Sex Differences in Hippocampal Immediate-Early Gene Expression Following Context Fear Conditioning

Grace Feucht, “Sex Differences in Hippocampal Immediate-Early Gene Expression Following Context Fear Conditioning”
Mentor: James Moyer, Psychology

Women are twice as likely to suffer from posttraumatic stress disorder (PTSD) than males (Richards & Van Neil, 2017). PTSD can be modeled in the lab using Pavlovian fear conditioning. The paradigm used for this experiment is context fear conditioning, in which rodents learn to associate an environment with an aversive stimulus (foot shock). Some studies have shown sex differences in context fear learning (e.g., Maren et al., 1994). However, other work did not observe sex differences in short-term acquisition, instead observed sex differences in molecular mechanisms that may underlie differences in later retrieval of fear learning (Gresack et al., 2009). We used context fear conditioning in male and female rats to investigate how fear learning changes immediate early gene (IEG) expression. IEGs are activity markers that are evoked by environmental stimuli. We measured IEG expression in two brain regions that are important for context fear learning, the dorsal and ventral hippocampus. Context fear conditioning involves rats being placed in a conditioning chamber where they receive footshocks. Rats learn to associate the context with the footshocks, and this can be measured by freezing behavior. A day later, rats are placed in the same chamber but without footshocks and freezing behavior is measured. An hour later, their brains are removed and processed for protein analysis. Western blots are used to quantify the amount of IEG expression in the dorsal and ventral hippocampus. Initial behavioral results indicate that there are no sex differences in retrieval of context fear memories. Any observed sex differences in IEG expression in the hippocampi following memory retrieval, would suggest that the molecular mechanisms may differ between males and females even following comparable retrieval of context fear memories. Understanding sex differences in molecular mechanisms of fear learning may explain why females are more susceptible to PTSD.

Comments

  1. Hello, Grace! Thank you for participating in undergraduate research! It can help you focus your career path. Your poster looks good visually, and I am unaware if they provided a standard poster blank to use. I hope not. I get what you did, and I was excited to see “nice actual use of ‘pre-sequencing era’ molecular tools in behavioral research.” You will improve with experience. I suggest the following
    ** The title in the program and the poster title differ. This makes searching potentially problematic and should be fixed. Choose one.
    ** Investigate the grammatical correctness of comma use. In the introduction, first two paragraphs, unnecessary commas distract the reader. To assess, read it aloud with an “extended” pause wherever you have a comma. Ask if it sounds right, or funny. If funny, get rid of it.
    ** Figures are clean looking and have error bars, but the independent variables are undefined. Some can be deduced from other text, but what are “BL” and “TI1, TI2, TI3”? Are these trial numbers (line graph) or time between stimuli (scatterplot)? The X-axes all need title labels.
    ** Results: There is no actual discussion of what the figures mean. Only one paired data set shows what appears to be a difference between males and females, but this is not addressed anywhere. Pseudo-conditioned females clearly showed desensitization, and you could make a point, with sound statistics, [note comma use to stress phrase] that special forces units in the military could produce “fearless” agents by using women soldiers conditioned in that manner.
    ** Abbreviations: define on first use (better), or in the “definition box” – DH was not though of course we could figure it out.
    ** Conclusions: “Comparable” gives no information. “Indistinguishable”, “the same”, etc. say something directional. Similar to issues you might see with “change” as opposed to “increase” or “decrease” etc.
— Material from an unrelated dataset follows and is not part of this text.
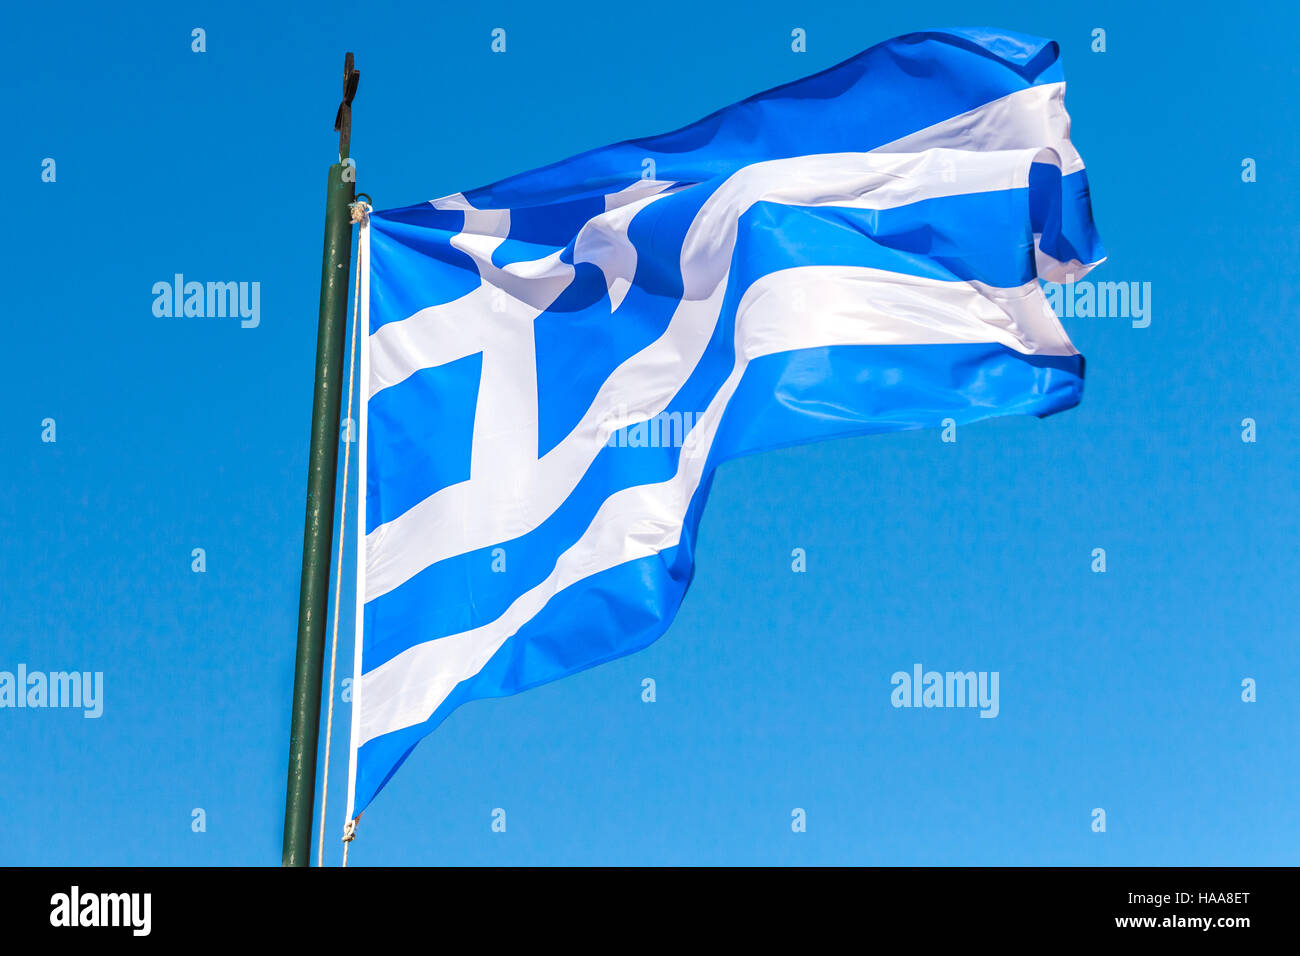 Flag of Greece wavin gover blue sky background Stock Photo

    Overall a good job visually and close with more attention to detail.

  2. Overall, I think this was a great presentation. Having no background in Psychology, I was able to follow along and understand your presentation-It was accessible and easy to follow along. I appreciated the Definition box, too. I think the poster was well organized and had a great ratio of text, graphs, info, etc.

    In your conclusion, you can be more specific. Saying “Trace fear conditioning is comparable…” is very broad, and I wasn’t sure what you were trying to convey. Other than that, I think it was very well put together!